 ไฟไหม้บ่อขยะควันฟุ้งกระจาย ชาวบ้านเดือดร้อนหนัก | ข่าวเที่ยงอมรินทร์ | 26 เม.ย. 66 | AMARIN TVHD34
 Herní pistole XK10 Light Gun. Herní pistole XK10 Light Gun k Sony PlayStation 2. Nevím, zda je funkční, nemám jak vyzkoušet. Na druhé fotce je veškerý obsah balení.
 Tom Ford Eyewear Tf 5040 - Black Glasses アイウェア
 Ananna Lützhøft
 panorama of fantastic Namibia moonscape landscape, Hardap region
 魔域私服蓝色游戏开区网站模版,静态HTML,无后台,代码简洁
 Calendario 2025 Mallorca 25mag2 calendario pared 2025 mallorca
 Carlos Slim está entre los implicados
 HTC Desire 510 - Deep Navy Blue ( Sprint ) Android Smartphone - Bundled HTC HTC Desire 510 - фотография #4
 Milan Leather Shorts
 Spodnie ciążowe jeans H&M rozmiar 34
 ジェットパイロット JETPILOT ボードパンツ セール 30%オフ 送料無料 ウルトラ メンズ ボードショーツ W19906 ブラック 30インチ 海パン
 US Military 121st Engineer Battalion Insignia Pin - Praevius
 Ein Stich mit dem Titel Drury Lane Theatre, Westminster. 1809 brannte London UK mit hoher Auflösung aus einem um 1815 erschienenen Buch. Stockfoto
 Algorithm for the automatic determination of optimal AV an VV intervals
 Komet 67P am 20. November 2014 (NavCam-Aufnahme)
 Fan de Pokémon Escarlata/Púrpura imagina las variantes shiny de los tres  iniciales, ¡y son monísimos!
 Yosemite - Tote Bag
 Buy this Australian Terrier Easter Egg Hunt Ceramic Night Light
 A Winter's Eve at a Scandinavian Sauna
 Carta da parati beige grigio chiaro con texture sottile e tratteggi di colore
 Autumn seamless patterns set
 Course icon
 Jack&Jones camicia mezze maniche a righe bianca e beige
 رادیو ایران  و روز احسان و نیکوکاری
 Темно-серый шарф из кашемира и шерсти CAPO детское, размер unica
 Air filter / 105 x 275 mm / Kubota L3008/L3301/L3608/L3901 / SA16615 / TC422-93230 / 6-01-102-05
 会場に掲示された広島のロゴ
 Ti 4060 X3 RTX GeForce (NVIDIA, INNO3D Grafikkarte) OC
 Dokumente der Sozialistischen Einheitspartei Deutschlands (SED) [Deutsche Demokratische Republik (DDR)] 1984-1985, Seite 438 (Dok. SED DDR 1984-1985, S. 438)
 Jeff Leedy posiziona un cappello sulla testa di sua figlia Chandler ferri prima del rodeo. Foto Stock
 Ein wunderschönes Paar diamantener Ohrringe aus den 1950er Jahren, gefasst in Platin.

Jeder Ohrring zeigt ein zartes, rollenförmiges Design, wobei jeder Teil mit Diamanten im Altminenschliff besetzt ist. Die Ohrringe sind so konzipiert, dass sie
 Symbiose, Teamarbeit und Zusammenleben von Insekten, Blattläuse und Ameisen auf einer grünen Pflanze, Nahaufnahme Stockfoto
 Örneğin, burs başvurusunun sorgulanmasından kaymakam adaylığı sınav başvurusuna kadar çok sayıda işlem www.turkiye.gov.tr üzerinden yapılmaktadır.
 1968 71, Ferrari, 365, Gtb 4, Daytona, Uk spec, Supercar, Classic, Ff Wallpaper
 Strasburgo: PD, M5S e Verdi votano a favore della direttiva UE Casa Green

# [Task]
Which lines of the data above contain "Stockfoto"? Copy each one.

# [Reply]
 Ein Stich mit dem Titel Drury Lane Theatre, Westminster. 1809 brannte London UK mit hoher Auflösung aus einem um 1815 erschienenen Buch. Stockfoto
 Symbiose, Teamarbeit und Zusammenleben von Insekten, Blattläuse und Ameisen auf einer grünen Pflanze, Nahaufnahme Stockfoto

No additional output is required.